So if anyone can answer this if my baboois hissing at me is that a good sign? That means it can move it's fangs if she wanted to correct? Other than the smell and white gunk no other signs of nematodes are present. She just molted last week  4 days after I received her . She is close to 3.5-4 inches and very pretty.

---------- Post added 09-03-2011 at 12:27 PM ----------

http://s1194.photobucket.com/albums/aa375/dementsha/
New to this photo bucket stuff so bare With me. A few pics of what I was trying to describe but iPad don't have the best resolutions.


----------



## Ixithel (Sep 3, 2011)

*Jon3800*- will do! I just wish I had more time to try and water her with a syringe myself. Though when I do it pools up and she shows no sign of actually drinking it.

*8leglock* I know with Melly's white gloop every few days or so I would drop some water onto it and wait for it to become a gooey texture, then wipe at it with a wet Q tip. Occasionally swishing it around and then sucking it up with the syringe. Examining this under a microscope has shown mite-like critters but no nematodes at all. Doing this frequently got rid of the white completely as she has not had it for some time now. I also change her substrate frequently.

If the cage still smells it might be the OBT itself. I know Melly's cage had a rotten lilac scent to it UNTIL I removed her. I'm still confused to what the smell could mean but i'm guessing it might be some sort of bacterial infection as it comes out very rancid in her poo. If your OBT has what Melly has and it molted and is still uppity and fiesty then this could be a good sign. I think my Melly is simply too old to molt out and fight whatever might be killing her.
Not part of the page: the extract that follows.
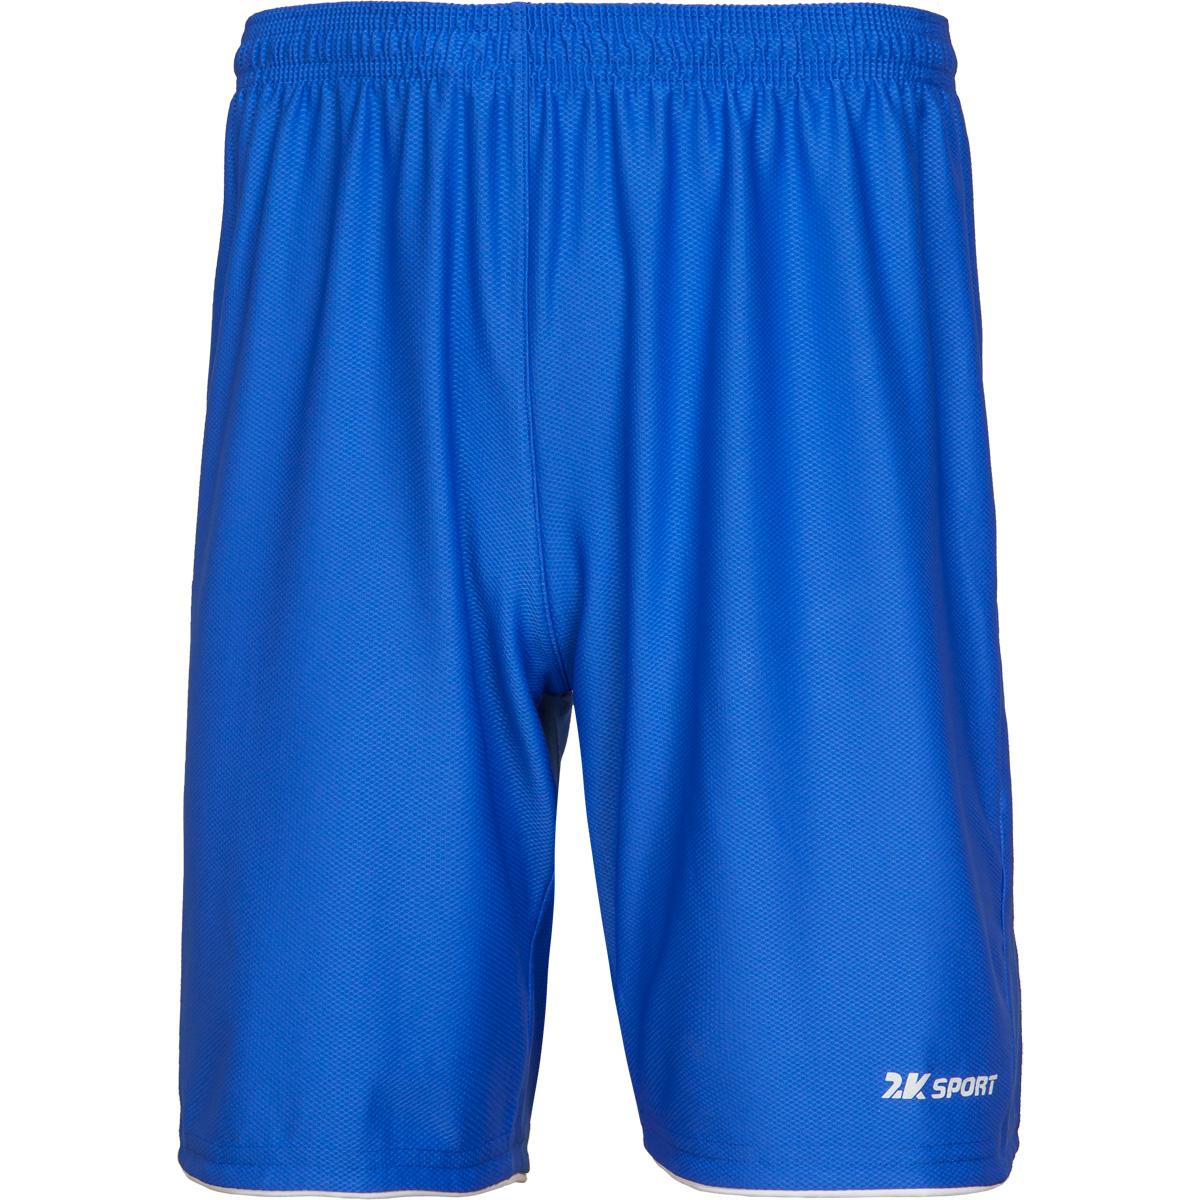 Шорты мужские 2K Sport Champion II, цвет: синий, белый. 120019. Размер XXL (54) шорты champion шорты

Nematodes and Melly's condition do not add up, so I wouldn't be too worried about it if it seems to be acting normal otherwise. I would try to get a good look at the goo under a microscope mixed with a little water to see what you find. If she eats then she might pull through. Melly can move her fangs but she has no strength to dig them into her prey.

With an OBT my method I used with Melly would be dangerous but if you're confident and know your T well I say go for it and I hope she doesn't turn out like mine


----------



## D3N2 (Sep 3, 2011)

Ixithel said:


> I hope she doesn't turn out like mine


Wellll.. Don't speak too early, Melly might still have a chance! 

I, too, have read this whole thread.  It took almost an hour and a half, but it's quite a story!  I don't think I would ever have the persistence to do what you have done, Ixithel.  Definitely props to that.  I do hope Melly makes it.  If she doesn't, at least her suffering would be over.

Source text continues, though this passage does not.